When using multiple GPUs on a single node it is recommended to use PyTorch's
[distributed data parallel](https://pytorch.org/tutorials/intermediate/ddp_tutorial.html).
To do so, simply replace `python3` by

```bash
torchrun --standalone --nnodes=1 --nproc_per_node=N_GPUS
```

where `N_GPUS` is the number of available GPUs on the node. To only see output from the first process, you can run the following to redirect the output from processes 1-7 to a log file:
```bash
torchrun --redirects 1:0,2:0,3:0,4:0,5:0,6:0,7:0 --standalone --nnodes=1 --nproc_per_node=8
 ```

## Rules

The rules for the MLCommons Algorithmic Efficency benchmark can be found in the seperate [rules document](RULES.md). Suggestions, clarifications and questions can be raised via pull requests.

## Contributing

If you are interested in contributing to the work of the working group, feel free to [join the weekly meetings](https://mlcommons.org/en/groups/research-algorithms/), open issues, and see the [MLCommons contributing guidelines](CONTRIBUTING.md).

### Presubmit testing

We run basic presubmit checks with GitHub Actions, configured in the [.github/workflows](https://github.com/mlcommons/algorithmic-efficiency/tree/main/.github/workflows) folder.
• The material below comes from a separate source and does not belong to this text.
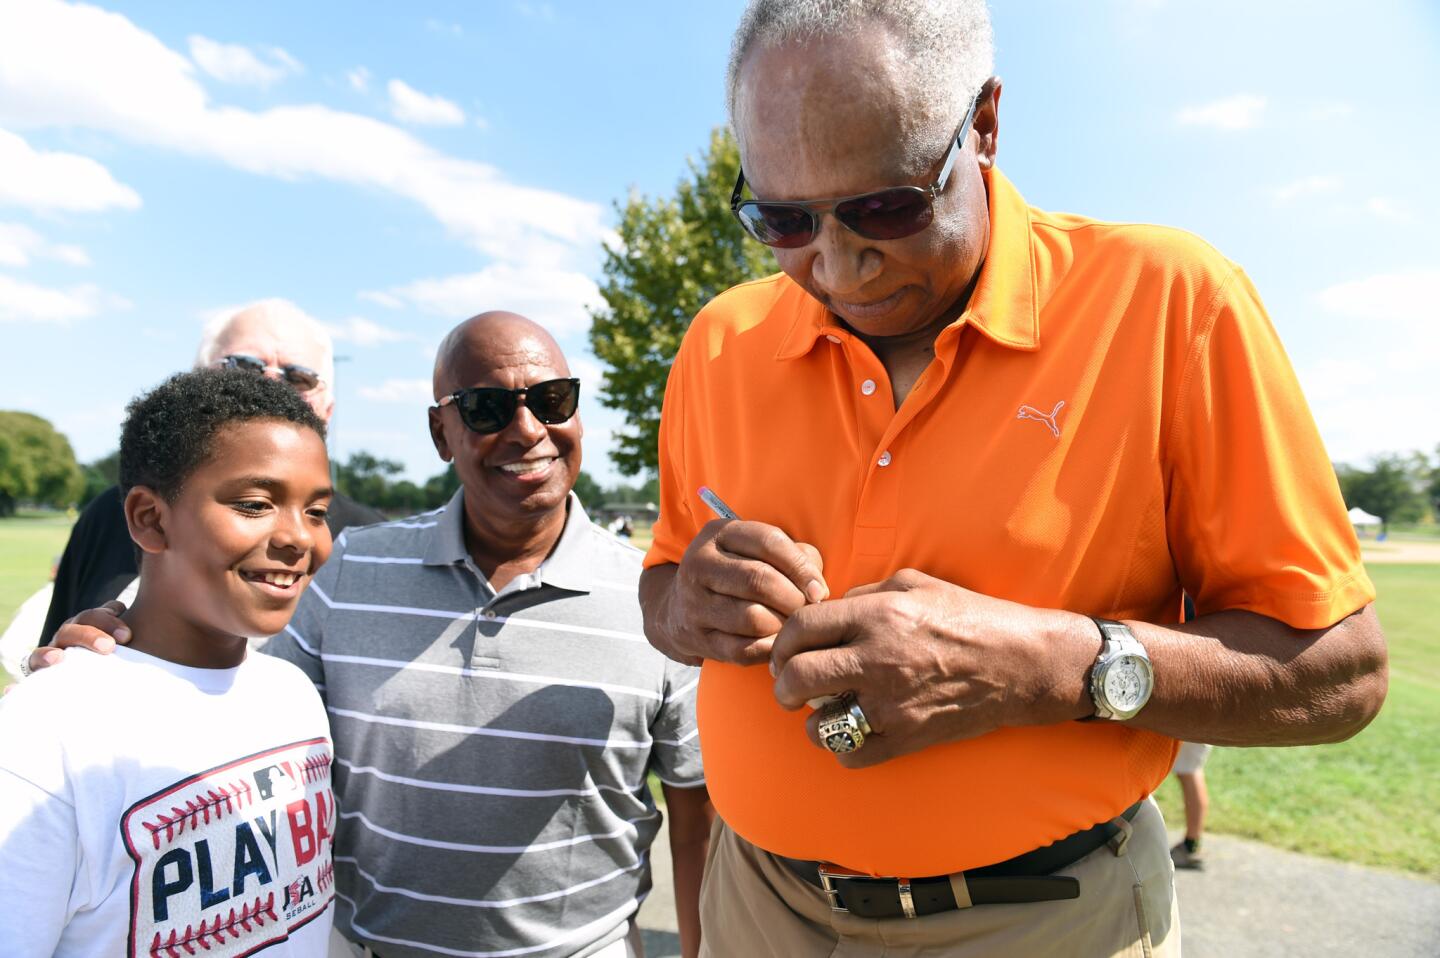 Baltimore, Md.--8/26/15-- Major league Hall of Famer and former Orioles star Frank Robinson, right, autographs a baseball for Jean Zayas, 13, left, during the Play Ball event at Carroll Park on Aug. 26, 2015.

To run the below commands, use the versions installed via `pip install -e '.[dev]'`.

To automatically fix formatting errors, run the following (*WARNING:* this will edit your code, so it is suggested to make a git commit first!):
```bash
yapf -i -r -vv -p algorithmic_efficiency baselines datasets reference_algorithms tests *.py
```

To sort all import orderings, run the following:
```bash
isort .
```

To just print out all offending import orderings, run the following:
```bash
isort . --check --diff
```

To print out all offending pylint issues, run the following:
```bash
pylint algorithmic_efficiency
pylint baselines
pylint datasets
pylint reference_algorithms
pylint submission_runner.py
pylint tests
```

You can also use `python tests/reference_algorithm_tests.py` to run a single model update and two model evals for each workload using the reference algorithm in `reference_algorithms/development_algorithms/`.